At times, the mere fact that
departmental faculty are pursuing an active, diverse and uncontrolled set of
research agendas may be perceived negatively by school administrators. While
such departments continue to recruit promising scholars on the basis of their
research production, the departmental leadership is caught in a bind. They need
such scholars for the department’s reputation and grant-getting ability, but
once there, these scholars may pose some threat to the order of business within
the department (and to the security of the chair who has likely already traded
the kind of professional security earned from scholarly inquiry and production
for the kind won by allegiance and loyalty to university higher-ups).
Appointed chairs can slowly
and steadily shift faculty focus from scholarly pursuits that advance a field
to those that advance the chair, a possibility especially troubling to junior
faculty seeking tenure.

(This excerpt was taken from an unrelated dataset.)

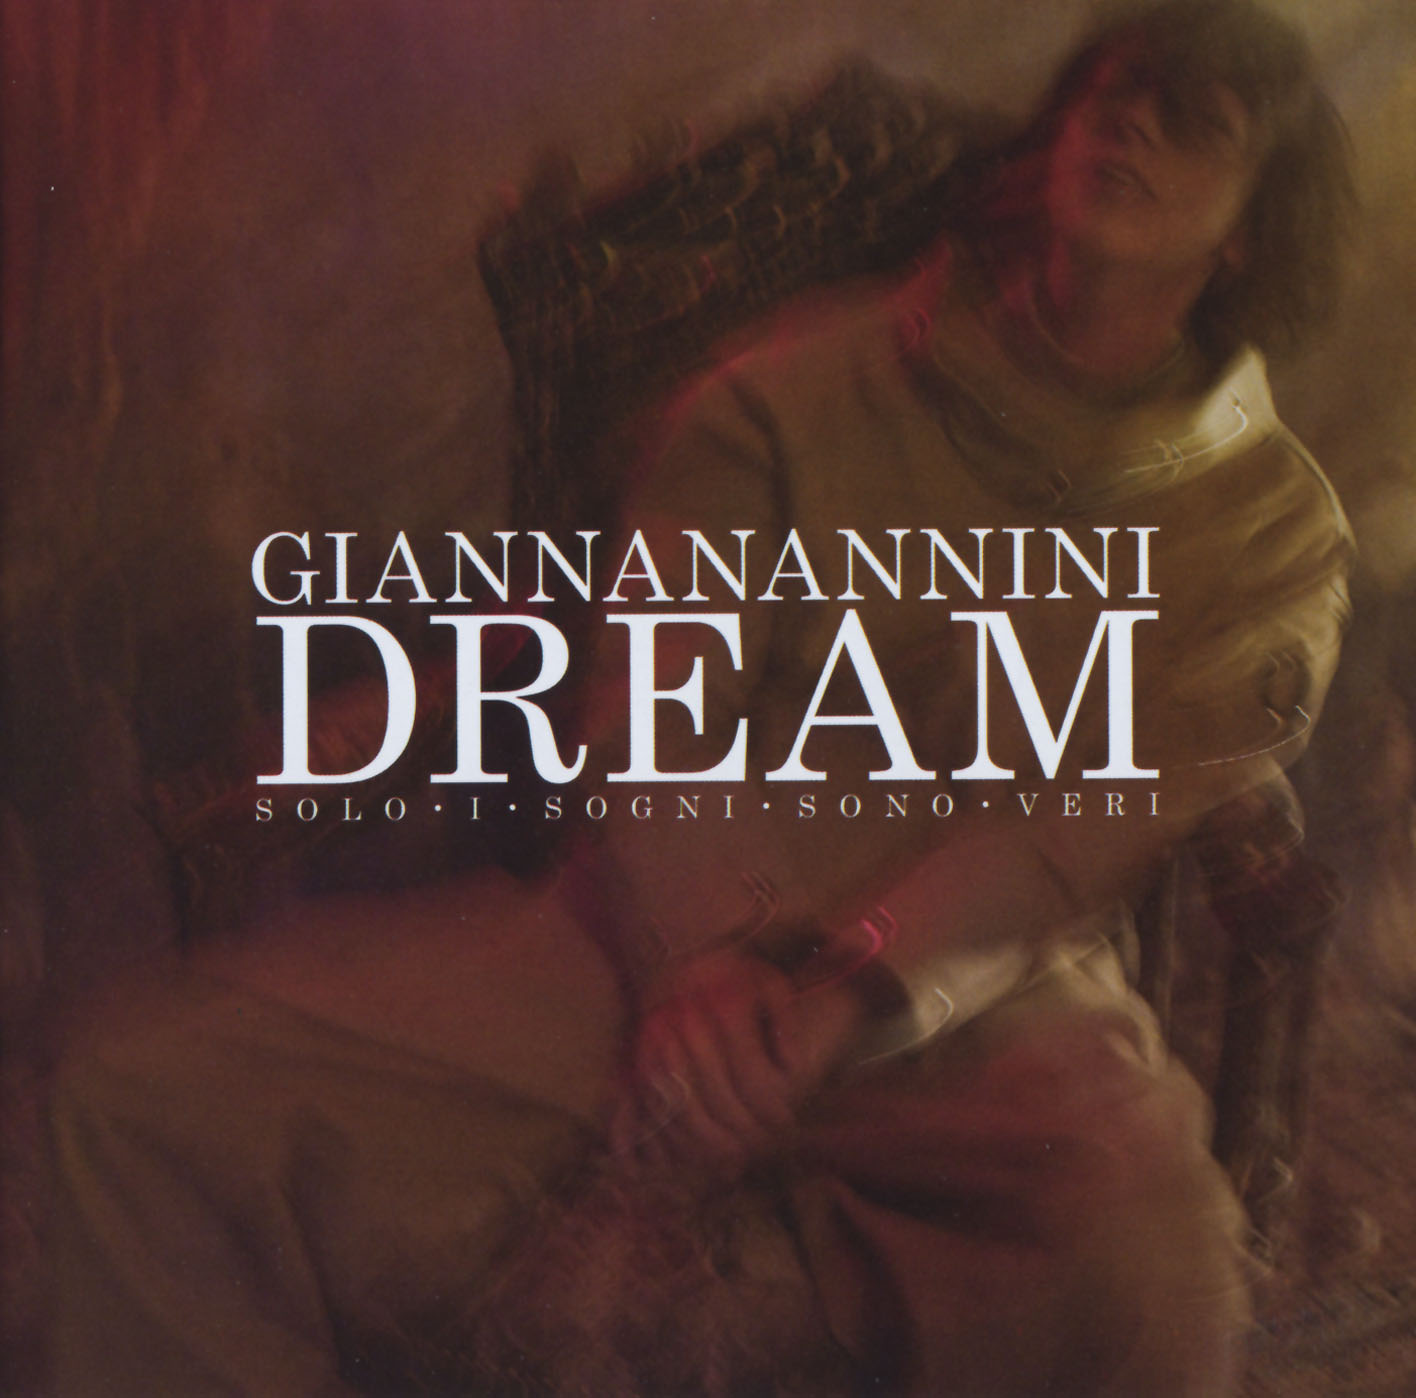 Dream – Solo I Sogni Sono Veri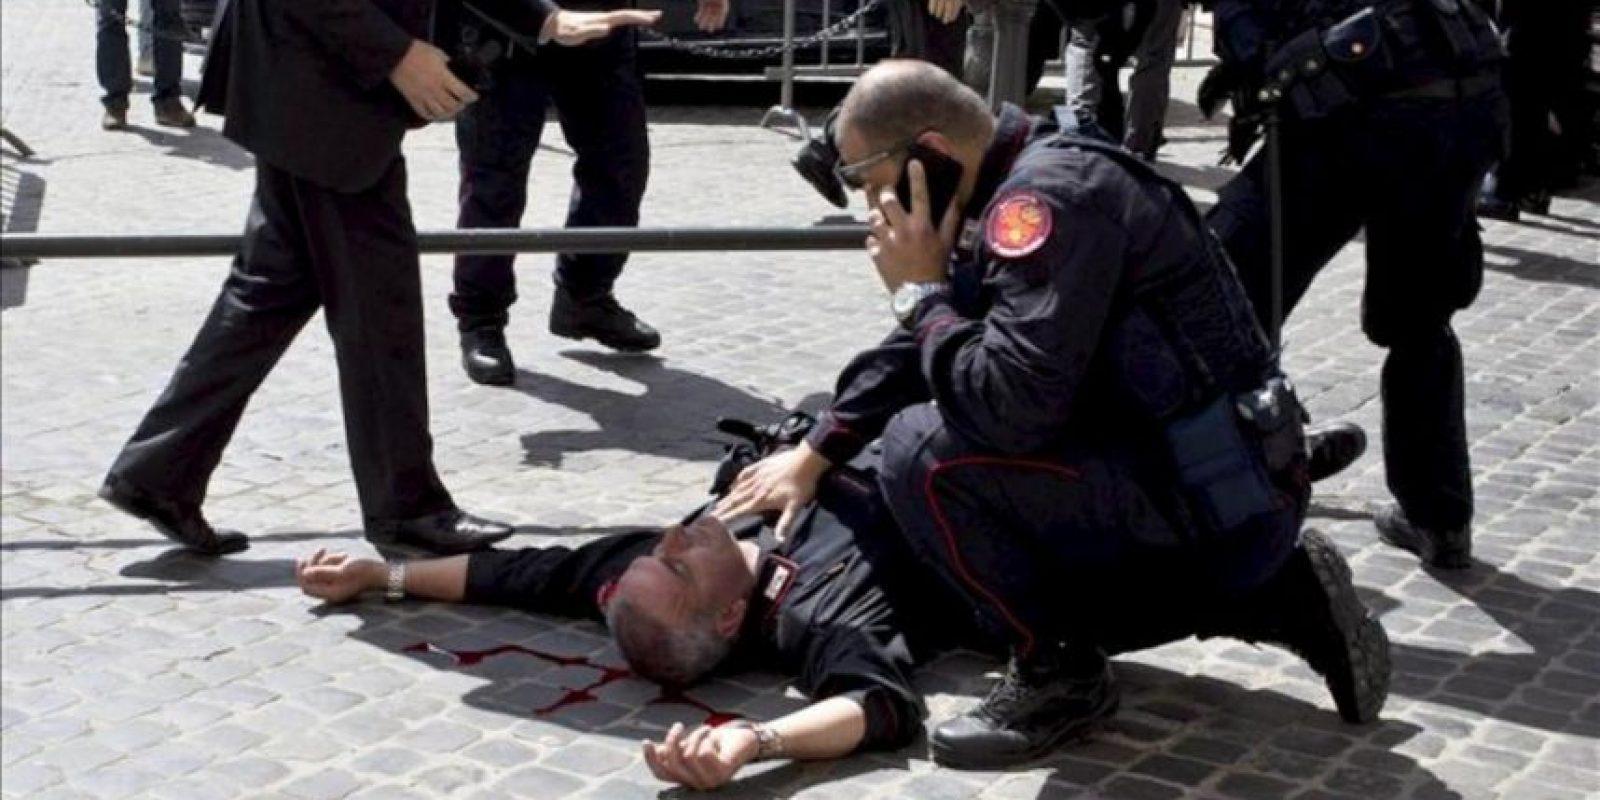 Dos carabineros (policía militarizada) y una mujer resultaron heridos en un tiroteo registrado hoy ante la sede del Gobierno italiano, mientras Enrico Letta juraba su cargo como nuevo primer ministro en otro edificio, informaron medios de comunicación locales. EFE

Much as external pressures on the corporate university
constrain and refocus academic research, so too do internal incentives on the
departmental level. As in much of university politics, junior faculty are the
most vulnerable. Faculty governance in departments that have remade themselves
along corporate culture lines can become little more than a parody of
pseudo-democratic (or simply non-democratic) governance, in which faculty
simply (and always) endorse administrative positions. Faculty managers’ and
department chairs’ only convictions are those that do not ruffle administrative
feathers of those higher up. And the chill that blankets departments in which
power has been centralized results in the further entrenchment of
anti-democratic tendencies.
Under these conditions, the
university starts to look less like a place of free exchange of ideas and more
like a Hobbesian Leviathan, a place that boasts, as former SUNY New Paltz
president Roger Bowen warns, “a settled, conforming, obedient citizenry—not
dissenters who challenge convention.” In these departments, junior faculty
either conform or withdraw from departmental life after being tenured. The
bottom line is raised to the top. Research that promotes the financial and
hierarchical health of the administration is rewarded while independent
scholarly thought is punished. Institutions of higher education become ones of
education for hire. Undue administrative influence over research agendas,
appointed department chairs and the further erosion of democratic governance,
and the hiring of part-time and clinical faculty with no time for scholarly
inquiry and little job security are all threats to both critical inquiry and
university democracy.
Before moving on to my final
point, I want to point out that these conditions are created not only by
university administration but also by a complicit faculty who would rather not
sacrifice research time to engage in something as time-consuming as democratic
governance. In other words, a repressive hierarchy is not required for
non-democratic decision-making to flourish. Were university administrators to
honour democratic faculty governance fully, would faculty step up to the plate?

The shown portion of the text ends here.